Les fabricants se conforment à ces normes… du moins quand l’appareil n’est pas placé au contact du corps. Pour certifier leurs modèles, ils font en effet procéder à des essais en laboratoire. L’exposition au niveau de la tête est évaluée, pas sur des cobayes humains, mais sur des mannequins remplis d’eau et de sucre. Pour le corps, on se contente de la capacité pour l’eau.

Or, si, pour les tests au niveau de la tête, la réglementation exige que la mesure soit faite d’un téléphone collé à l’oreille, pour ceux au niveau du reste du corps, elle laisse les industriels libres de fixer la distance à laquelle est placé l’appareil. Et de la choisir en sorte, précisément, que la limite d’exposition ne soit pas être dépassée.

À l’exception des modèles les plus récents, pour lesquels la distance lors des tests a été raccourcie, celle-ci était jusqu’ici d’environ 15 mm, plus de 25 mm de large. Rappelons que même quand l’utilisateur ne téléphone pas, son mobile, lorsqu’il est en mode de veille connecté et la source de radiofréquences.

Agence nationale des fréquences (ANFR), établissement public responsable de ce domaine, a fait procéder à ses propres évaluations, dans les laboratoires de l’europe, sur un échantillon de 95 téléphones mobiles sélectionnés dans les différents points de vente depuis le début de 2012 et jusqu’à la fin de 2014, et 71 autres sélectionnés au cours de l’année 2015. A une distance du corps de 1,5 cm ne dépasse pas 2 W/kg.

Mais elle a fait réaliser de nouvelles mesures avec, cette fois, l’appareil en contact du corps. Les résultats sont très différents. Ils sont rapportés dans l’avis de juillet 2016 de l’Anses. Quelques-uns atteignaient même 7 W/kg. Ces dépassements ne concernent pas l’exposition de la tête, et le reste du corps.

Les industriels font valoir que les notices d’utilisation de leurs produits, de même que les informations accessibles en ligne ou sur votre smartphone lui-même, mentionnent bien que les tests ont été effectués à une certaine distance du corps et elle doit être respectée pour ne pas dépasser les niveaux d’exposition certifiés. Encore faut-il scruter à la loupe cette documentation pour le savoir. Au demeurant, l’ANFR a constaté que« manuel d’utilisation de 25% des téléphones contrôlée, ayant DAS contact avec le corps plus de 2 W/kg n’indiquait pas de distance minimale.

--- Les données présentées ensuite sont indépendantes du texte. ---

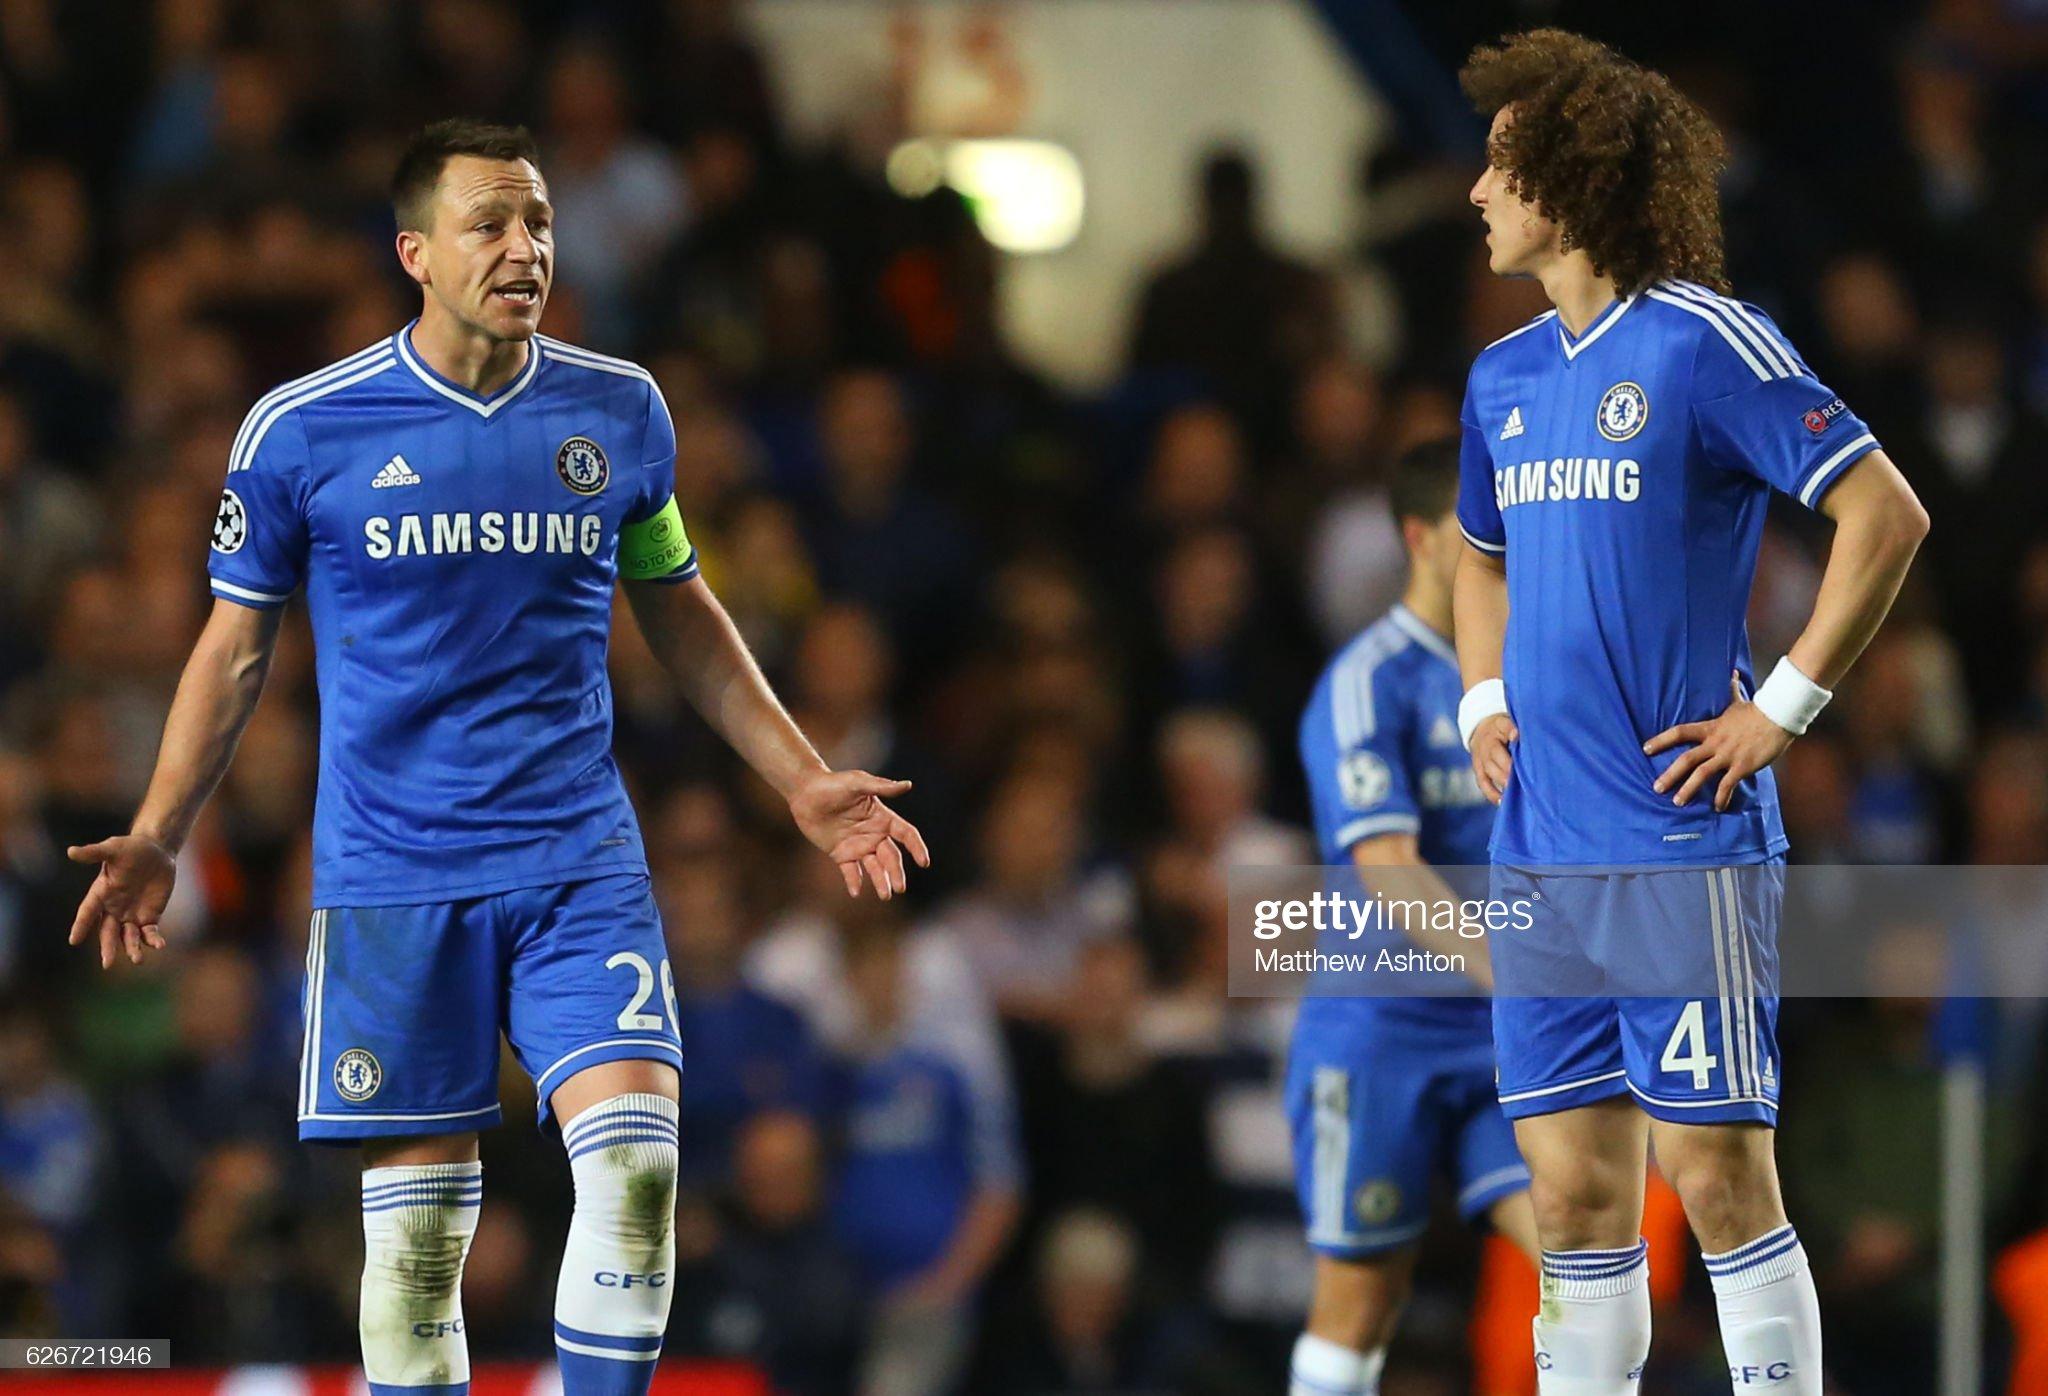 Soccer : UEFA Champions League semi-final 2nd Leg - Chelsea v Atletico Madrid : News Photo

«Pas de portable pour les enfants»

Les résultats détaillés de la contre-expertise n’ont pas été divulgués. Ex-coordinateur national de l’association Priartem (Pour rassembler, informer et agir sur les risques liés aux technologies électromagnétiques), Marc Arazi, aujourd’hui« expert indépendant», a vainement tenté d’obtenir. Il a saisi la Commission d’accès aux documents administratifs (CADA), qui s’est dite« favorable» à la communication des données de l’ANFR, avant le 29 décembre.

Interrogé par Le Monde, Gilles Brégant, directeur de l’établissement de contrôle, indique cependant, qu’il ne les rendra pas publiques. La raison:« la loi interdit de les transmettre à des tiers, ces données ayant été recueillies dans le cadre de procédures pouvant donner lieu à des sanctions.» Sollicités directement, Apple et Samsung n’ont pas souhaité faire de commentaire.

ANFR n’est pas en reste pour autant sans réaction. Elle dit son directeur, alerté les autorités françaises, qui ont demandé à la Commission européenne. Elle a adopté, en avril, une décision disposant que les tests de certification doivent être effectuées à une distance du tronc pas plus de quelques millimètres». Cette formulation laisse encore une marge de manœuvre aux industriels, mais, assure M. Brégant,« tous les appareils vendus depuis avril 2016 sont vérifiées à 5 mm du corps». Cette mesure tardive ne règle rien, toutefois, pour tous les mobiles déjà en service. En France, 25 millions de téléphones portables sont mis chaque année sur le marché.

Sans aucun doute la question des dangers des radiofréquences reste-t-elle débattue.

porte-parole de l’association Robin des toits, Etienne Cendrier souligne que« le cerveau humain n’est pas fait d’eau et de sucre comme les mannequins des tests». Il ajoute que« les normes d’exposition, outre qu’elles sont très élevés, ne prennent en compte que les effets thermiques, à l’exclusion d’autres risques tels que les cancers sont possibles». La présidente de Priartem, Janine Le Calvez, en tire de son côté, la leçon radicale:« Pas de portable pour les enfants!»